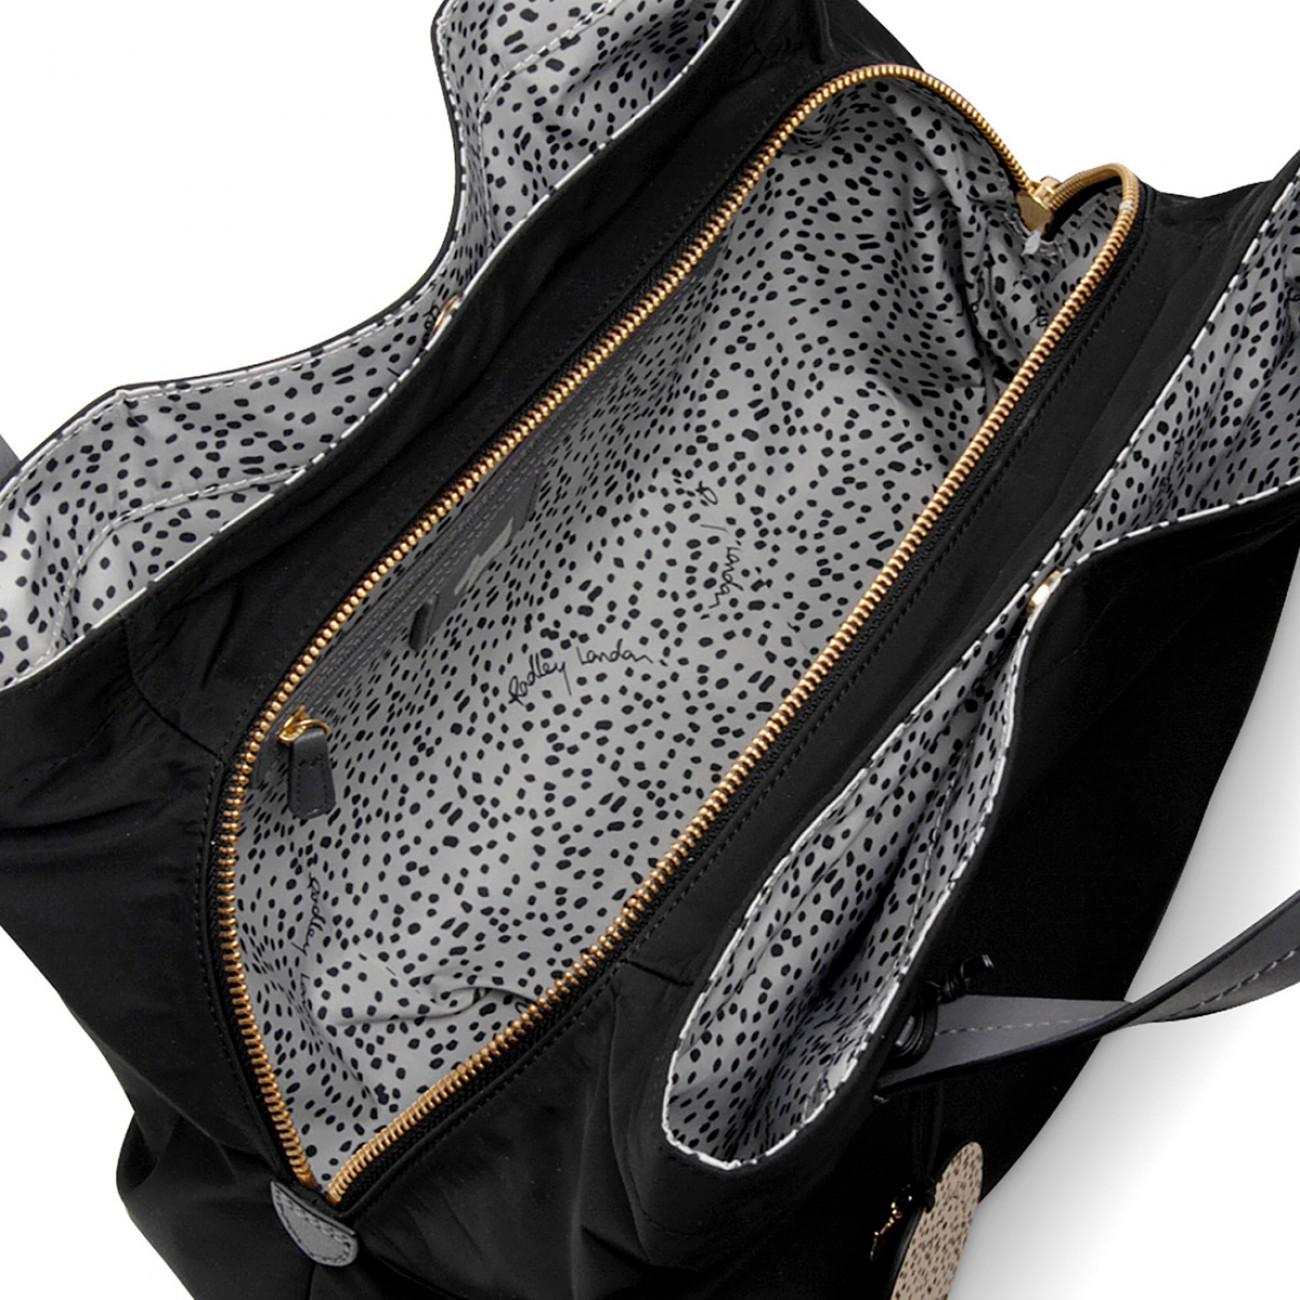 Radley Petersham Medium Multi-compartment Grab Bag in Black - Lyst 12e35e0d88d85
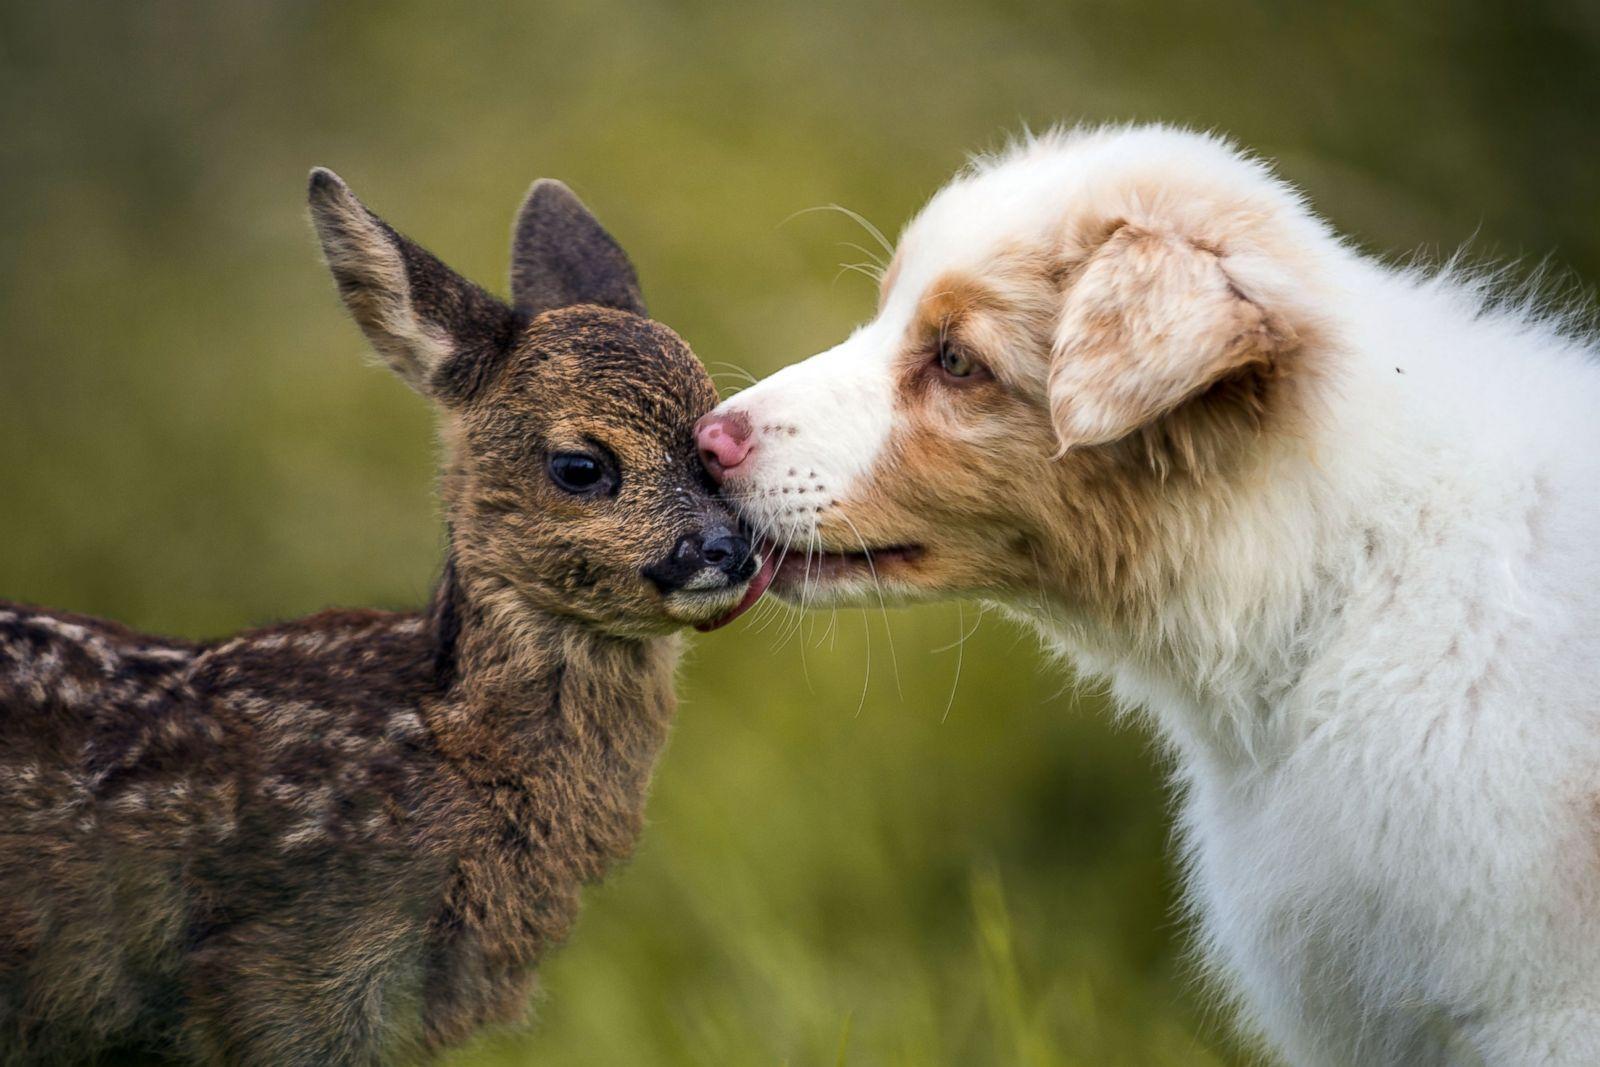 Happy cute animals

---

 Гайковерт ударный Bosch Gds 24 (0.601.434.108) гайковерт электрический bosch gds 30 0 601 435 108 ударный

--

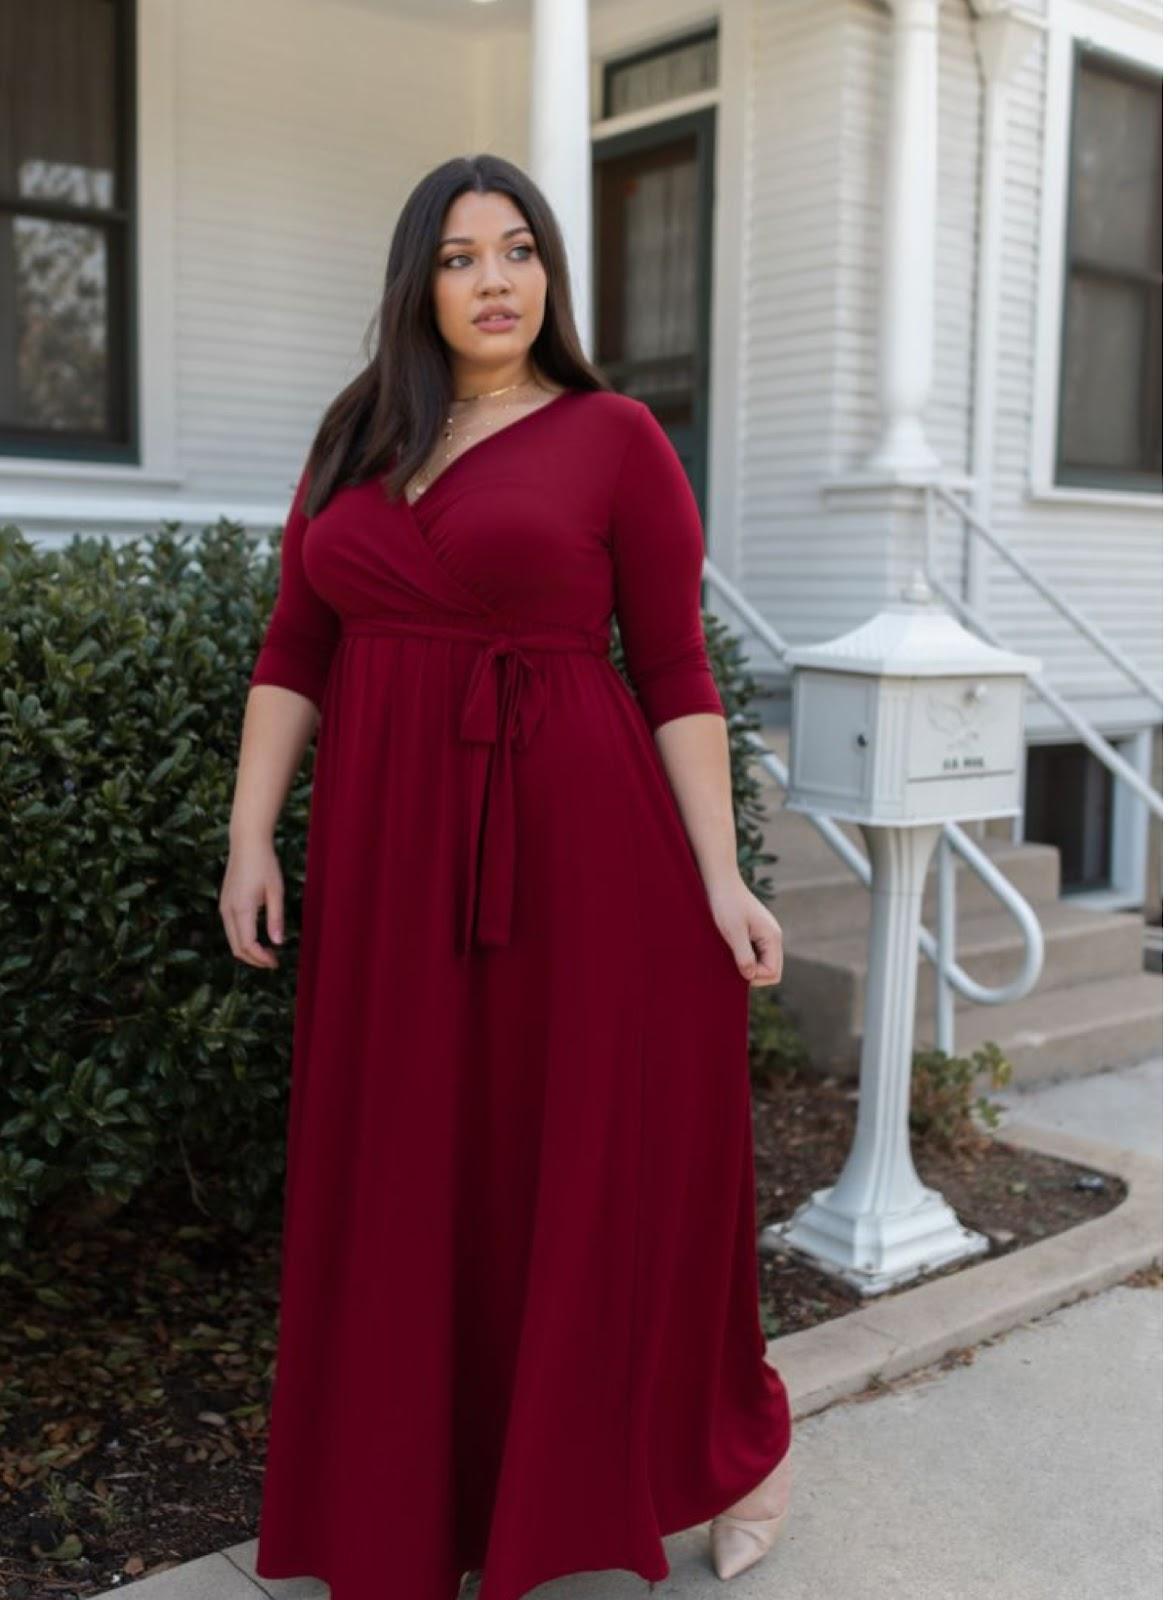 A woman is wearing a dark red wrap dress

» **REQUIRED ACTION**: Using the data above, copy exactly the lines from the one containing "Radley Petersham Medium" to the one containing "Happy cute animals", inclusive. Exclude the pictures.

» **EXERCISE OUTPUT**:
 Radley Petersham Medium Multi-compartment Grab Bag in Black - Lyst 12e35e0d88d85
 Happy cute animals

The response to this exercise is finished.